Simon Levis Sullam


2022

pdf
Evaluating Multilingual Sentence Representation Models in a Real Case Scenario
Rocco Tripodi | Rexhina Blloshmi | Simon Levis Sullam
Proceedings of the Thirteenth Language Resources and Evaluation Conference

In this paper, we present an evaluation of sentence representation models on the paraphrase detection task.
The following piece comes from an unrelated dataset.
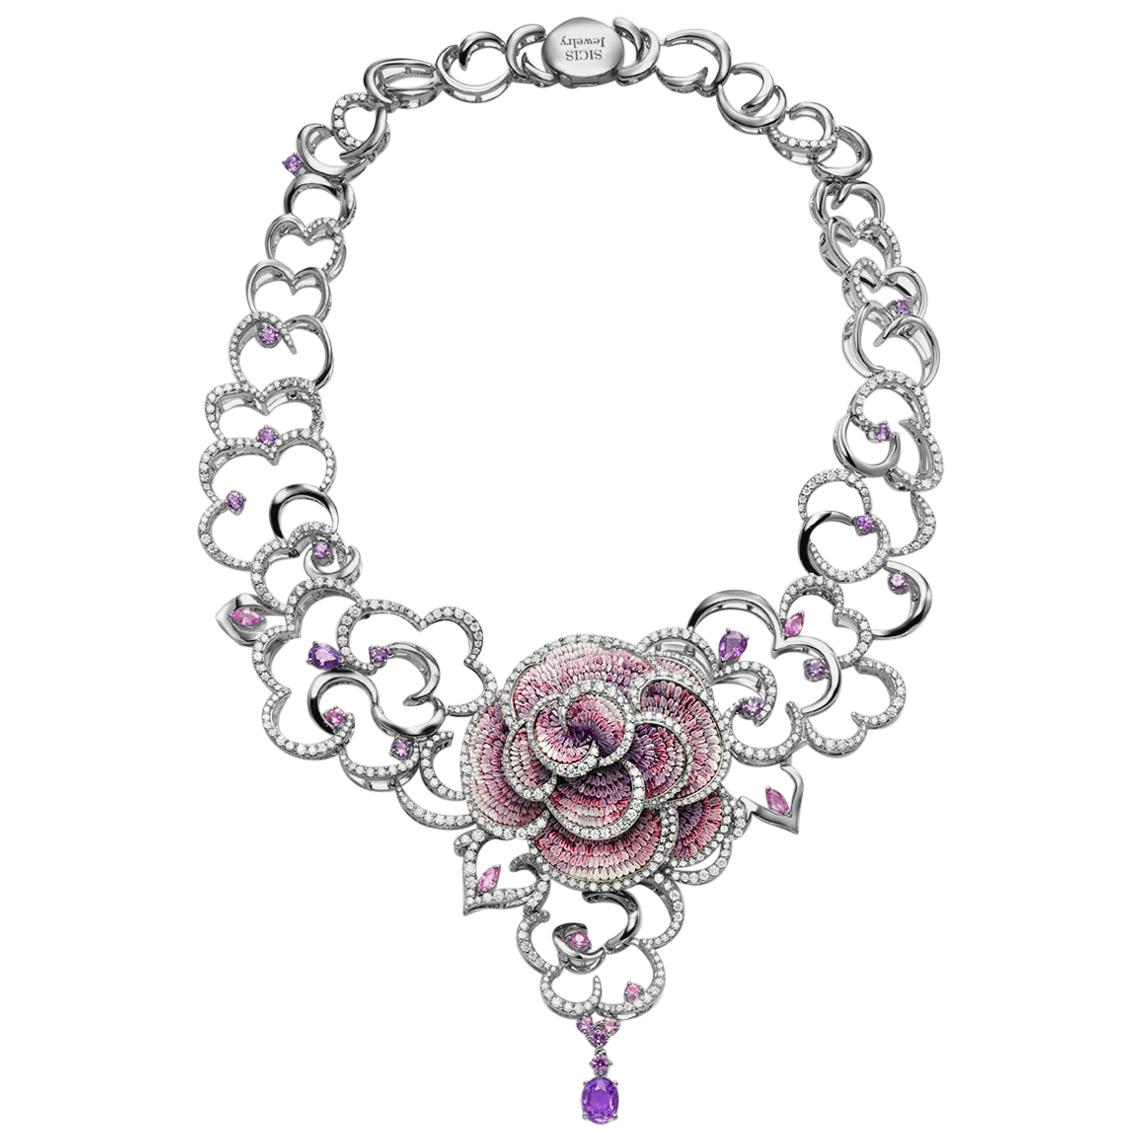 Necklace White Gold White Diamonds Sapphires Hand Decorated with Micro Mosaic

The evaluation is designed to simulate a real-world problem of plagiarism and is based on one of the most important cases of forgery in modern history: the so-called “Protocols of the Elders of Zion”. The sentence pairs for the evaluation are taken from the infamous forged text “Protocols of the Elders of Zion” (Protocols) by unknown authors; and by “Dialogue in Hell between Machiavelli and Montesquieu” by Maurice Joly. Scholars have demonstrated that the first text plagiarizes from the second, indicating all the forged parts on qualitative grounds. Following this evidence, we organized the rephrased texts and asked native speakers to quantify the level of similarity between each pair. We used this material to evaluate sentence representation models in two languages: English and French, and on three tasks: similarity correlation, paraphrase identification, and paraphrase retrieval. Our evaluation aims at encouraging the development of benchmarks based on real-world problems, as a means to prevent problems connected to AI hypes, and to use NLP technologies for social good. Through our evaluation, we are able to confirm that the infamous Protocols are actually a plagiarized text but, as we will show, we encounter several problems connected with the convoluted nature of the task, that is very different from the one reported in standard benchmarks of paraphrase detection and sentence similarity. Code and data available at https://github.com/roccotrip/protocols.

2019

pdf
Tracing Antisemitic Language Through Diachronic Embedding Projections: France 1789-1914
Rocco Tripodi | Massimo Warglien | Simon Levis Sullam | Deborah Paci
Proceedings of the 1st International Workshop on Computational Approaches to Historical Language Change

We investigate some aspects of the history of antisemitism in France, one of the cradles of modern antisemitism, using diachronic word embeddings. We constructed a large corpus of French books and periodicals issues that contain a keyword related to Jews and performed a diachronic word embedding over the 1789-1914 period. We studied the changes over time in the semantic spaces of 4 target words and performed embedding projections over 6 streams of antisemitic discourse. This allowed us to track the evolution of antisemitic bias in the religious, economic, socio-politic, racial, ethic and conspiratorial domains. Projections show a trend of growing antisemitism, especially in the years starting in the mid-80s and culminating in the Dreyfus affair. Our analysis also allows us to highlight the peculiar adverse bias towards Judaism in the broader context of other religions.